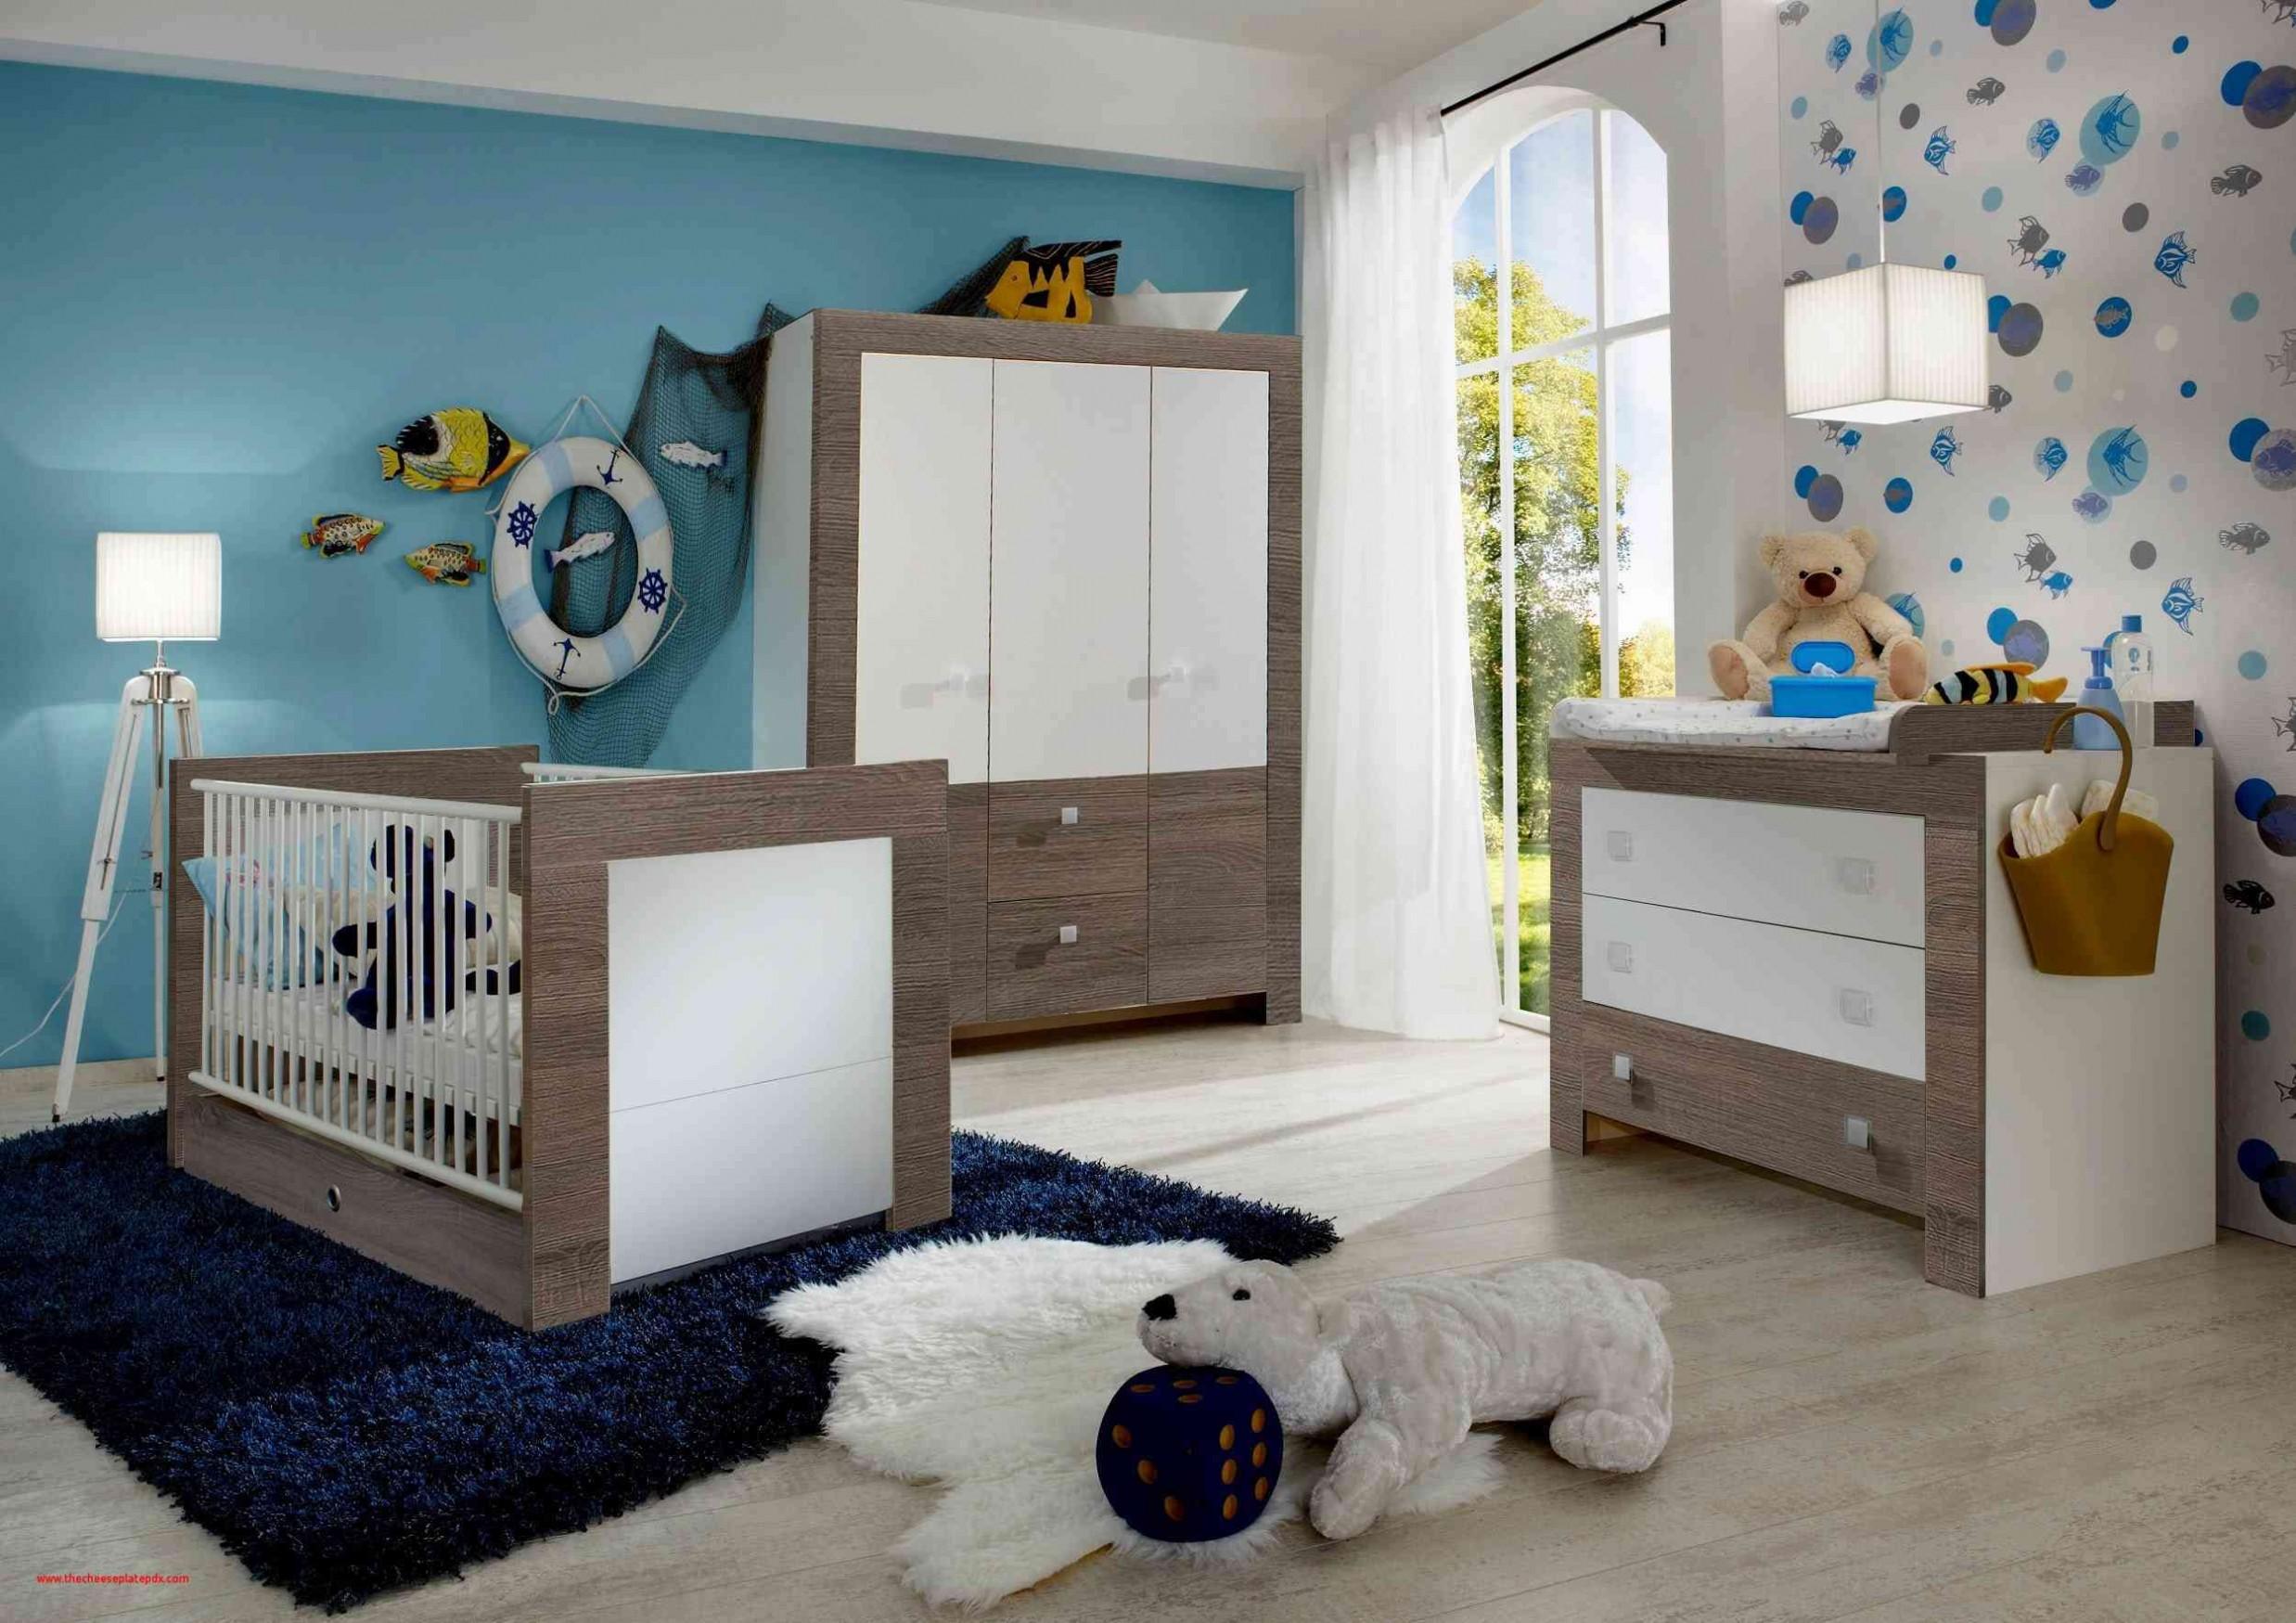 Full Size of Kinderzimmer Regal Sofa Günstige Fenster Küche Mit E Geräten Günstiges Schlafzimmer Weiß Bett Komplett Betten Regale 140x200 180x200 Kinderzimmer Günstige Kinderzimmer
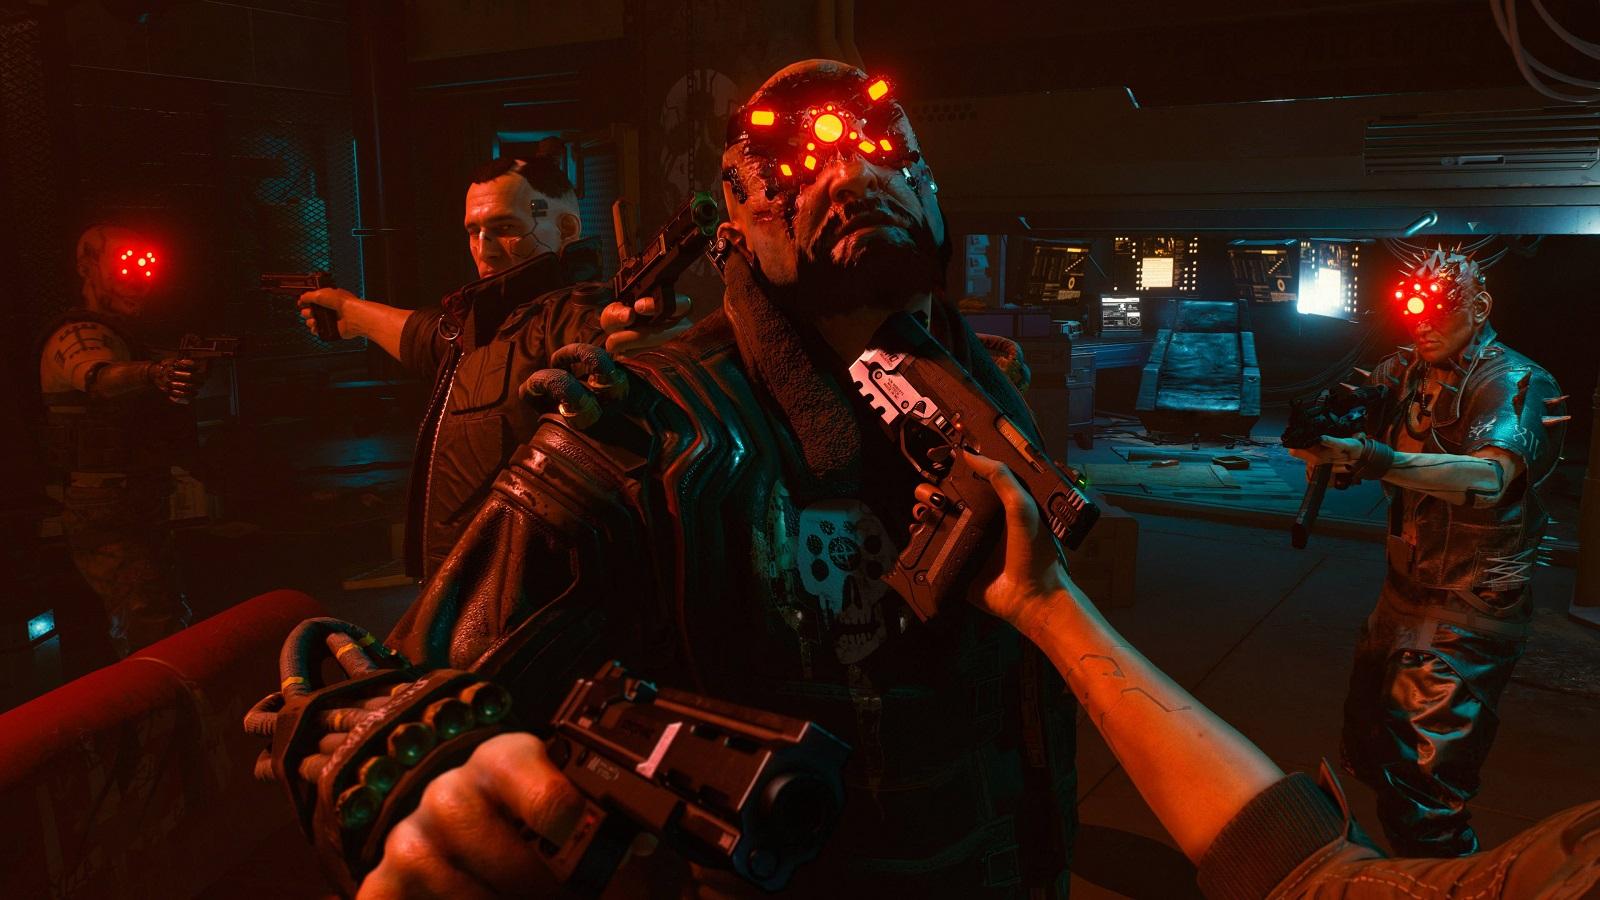 Видео: энтузиаст сравнил графику Cyberpunk 2077 на примере одной сцены из демонстраций с двухгодичной разницей
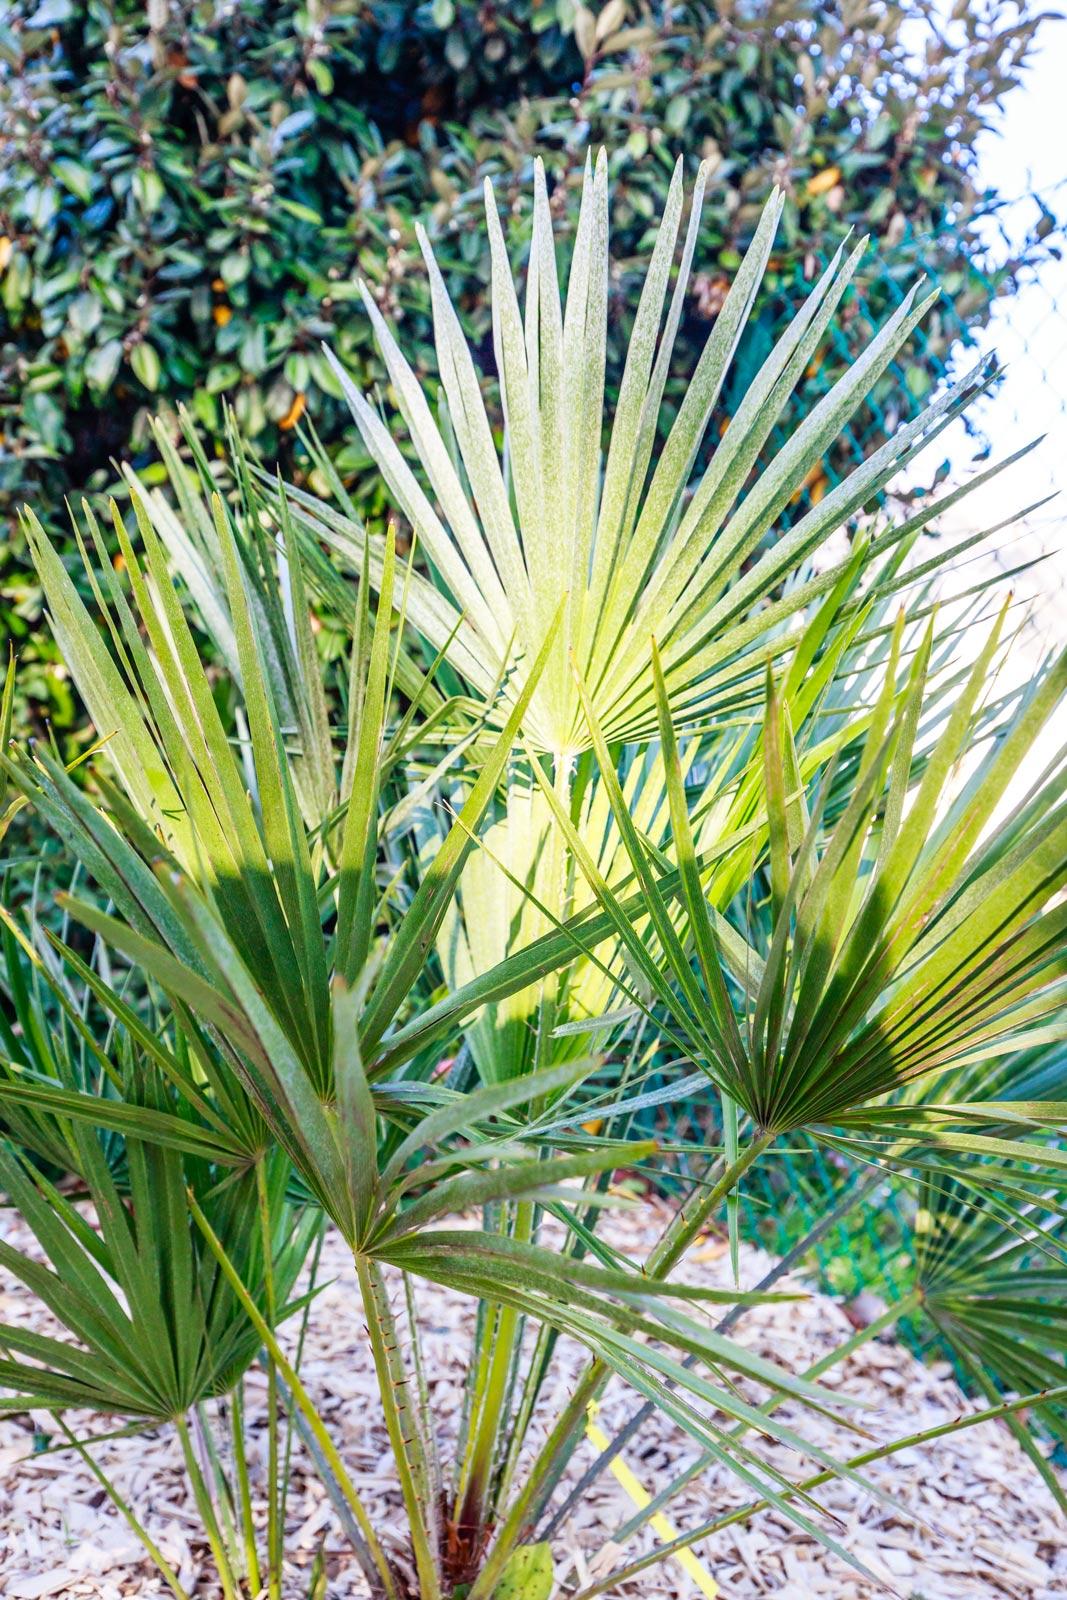 MANU-PAYSAGE-PAYSAGISTE-à-La-Baule-et-presqu'ile-de-guérande-création-de-jardin-plantation-taille-tonte-Loirat-Emmanuel (12)
- - - - -
→ What you have to do: Beginning with the line that contains "Видео: энтузиаст сравнил" and ending with the last line of the data above, output those lines exactly and nothing more, without any pictures.

→ Answer to this problem:
 Видео: энтузиаст сравнил графику Cyberpunk 2077 на примере одной сцены из демонстраций с двухгодичной разницей
 MANU-PAYSAGE-PAYSAGISTE-à-La-Baule-et-presqu'ile-de-guérande-création-de-jardin-plantation-taille-tonte-Loirat-Emmanuel (12)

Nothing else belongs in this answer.